The Features grid displays the statistics of the selected table for the experiment.The supported statistics are Distinct Values, Minimum, Maximum, Mean, and Standard Deviation. The supported data sources for Features are tables, views and analytic views. The target column that you selected in Predict is highlighted here. After an experiment run is completed, the Features grid displays an additional column Importance. Feature Importance indicates the overall level of sensitivity of prediction to a particular feature. Hover your cursor over the graph to view the value of Importance. The value is always depicted in the range 0 to 1, with values closer to 1 being more important.

5.3.1 Create Notebooks from AutoML UI Models

You can create notebooks using OML4Py code that will recreate the selected model using the same settings. It also illustrates how to score data using the model. This option is helpful if you want to use the code to re-create a similar machine learning model.

To create a notebook from an AutoML UI model:
  1. Select the model on the Leader Board based on which you want to create your notebook, and click Create Notebook. The Create Notebook dialog opens.

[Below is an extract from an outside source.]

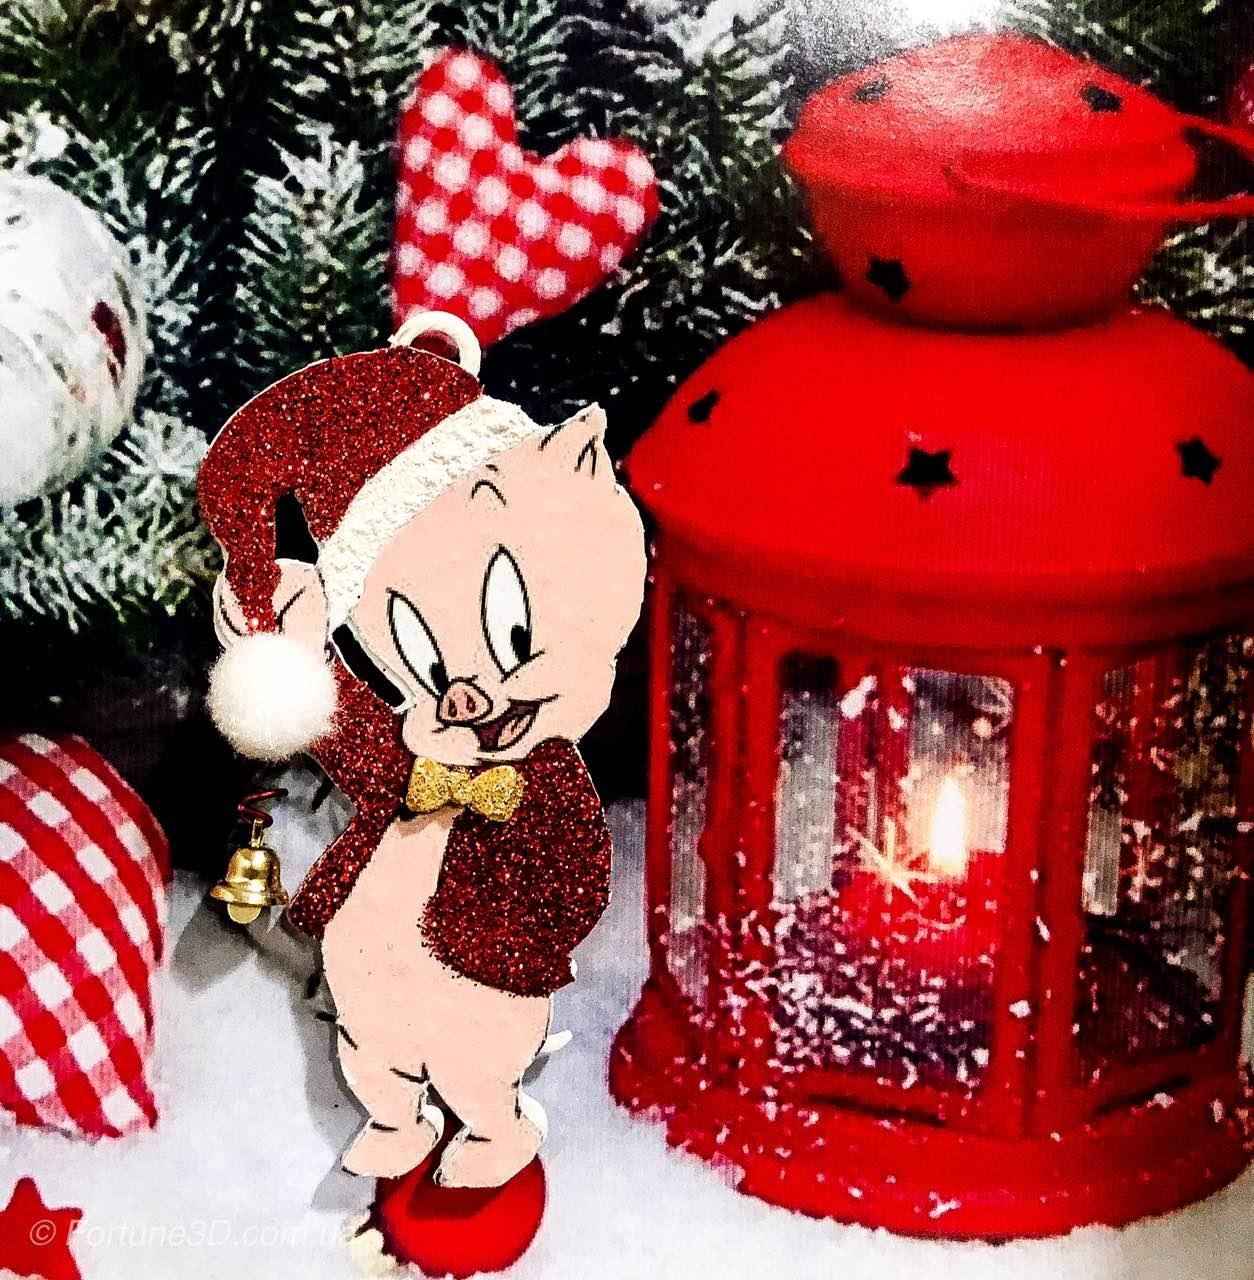 Игрушка на елку , символ 2019 года - Свинка с колокольчиком. Porky Pig на ёлку

    Figure 5-12 Create Notebook dialog



  2. In the Notebook Name field, enter a name for your notebook.
    The REST API endpoint derives the experiment metadata, and determines the following settings as applicable:
    • Data Source of the experiment (schema.table)
    • Case ID. If the Case ID for the experiment is not available, then the appropriate message is displayed.
    • A unique model name based on the current model name is generated
    • Information related to scoring paragraph:
      • Case ID: If available, then it merges the Case ID column into the scoring output table
      • Generate unique predict output table name based on build data source and unique suffix
      • Prediction column name: PREDICTION
      • Prediction probability column name: PROBABILITY (applicable only for Classification)
  3. Click OK. The generated notebook is listed in the Notebook page. Click to open the notebook
    The generated notebook displays paragraph titles for each paragraph along with the python codes. Once you run the notebook, it displays information related to the notebook as well as the AutoML experiment such as the experiment name, workspace and project in which the notebook is present, the user, data, prediction type and prediction target, algorithm, and the time stamp when the notebook is generated.